Multi-User mmWave Beam and Rate Adaptation via Combinatorial Satisficing Bandits

We study downlink beam and rate adaptation in a multi-user mmWave MISO system where multiple base stations (BSs), each using analog beamforming from finite codebooks, serve multiple single-antenna user equipments (UEs) with a unique beam per UE and discrete data transmission rates. BSs learn about transmission success based on ACK/NACK feedback. To encode service goals, we introduce a satisficing throughput threshold $τ_r$ and cast joint beam and rate adaptation as a combinatorial semi-bandit over beam-rate tuples. Within this framework, we propose SAT-CTS, a lightweight, threshold-aware policy that blends conservative confidence estimates with posterior sampling, steering learning toward meeting $τ_r$ rather than merely maximizing. Our main theoretical contribution provides the first finite-time regret bounds for combinatorial semi-bandits with satisficing objective: when $τ_r$ is realizable, we upper bound the cumulative satisficing regret to the target with a time-independent constant, and when $τ_r$ is non-realizable, we show that SAT-CTS incurs only a finite expected transient outside committed CTS rounds, after which its regret is governed by the sum of the regret contributions of restarted CTS rounds, yielding an $O((\log T)^2)$ standard regret bound. On the practical side, we evaluate the performance via cumulative satisficing regret to $τ_r$ alongside standard regret and fairness. Experiments with time-varying sparse multipath channels show that SAT-CTS consistently reduces satisficing regret and maintains competitive standard regret, while achieving favorable average throughput and fairness across users, indicating that feedback-efficient learning can equitably allocate beams and rates to meet QoS targets without channel state knowledge.

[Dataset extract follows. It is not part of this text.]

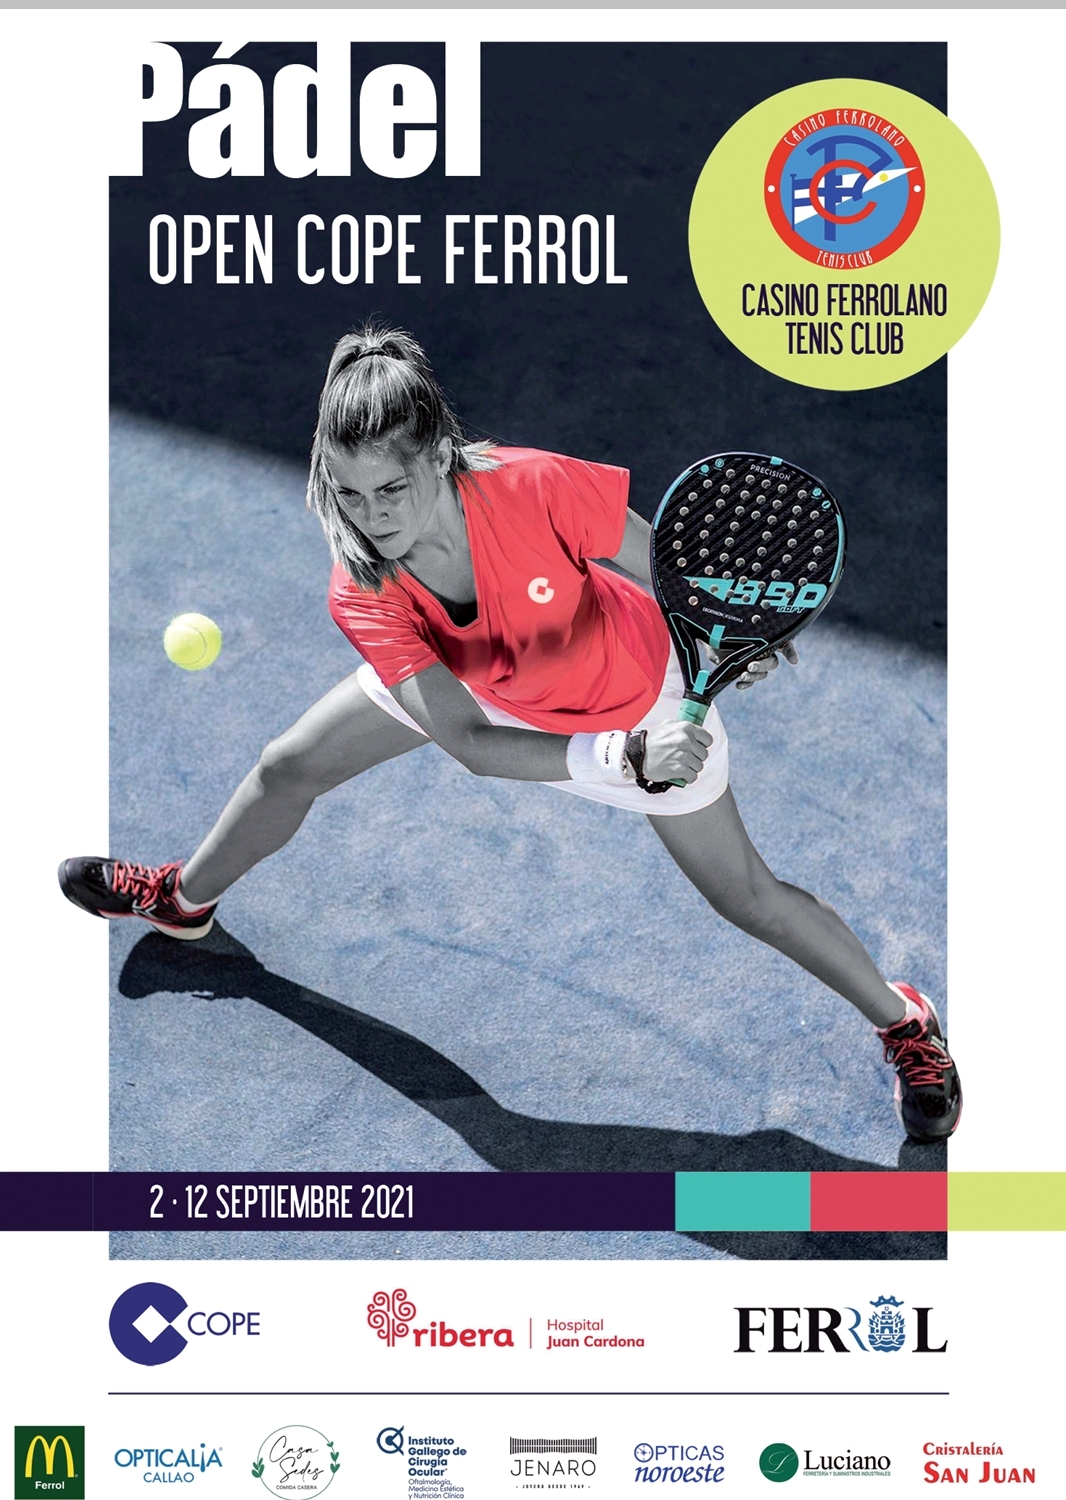 Cartel del Torneo Padel Open Cope Ferrol

翻译：我们研究了下行多用户毫米波MISO系统中的波束与速率自适应问题，其中多个基站（BS）采用有限码本的模拟波束赋形，以每个用户设备（UE）独立波束和离散数据传输速率为特点，服务于多个单天线用户设备。基站根据ACK/NACK反馈学习传输成功与否。为编码服务目标，我们引入满意度吞吐量阈值$\tau_r$，并将联合波束与速率自适应建模为波束-速率元组上的组合半基带问题。在此框架下，我们提出SAT-CTS算法——一种轻量级阈值感知策略，融合保守置信度估计与后验采样，引导学习过程聚焦于满足$\tau_r$而非单纯最大化吞吐量。理论核心贡献在于首次给出组合半基带在满意度目标下的有限时间遗憾界：当$\tau_r$可实现时，目标累积满意度遗憾由与时间无关的常数上界限定；当$\tau_r$不可实现时，SAT-CTS在提交的CTS轮次外仅产生有限期望暂态，此后其标准遗憾由重启CTS轮次贡献的总和主导，达到$O((\log T)^2)$量级。实验部分，我们通过累积满意度遗憾（相对于$\tau_r$）、标准遗憾及公平性指标评估性能。在时变稀疏多径信道仿真中，SAT-CTS持续降低满意度遗憾并保持竞争力标准遗憾，同时实现良好的用户平均吞吐量与公平性，表明该反馈高效学习方法可在无信道状态信息条件下实现波束与速率的均衡分配以满足服务质量目标。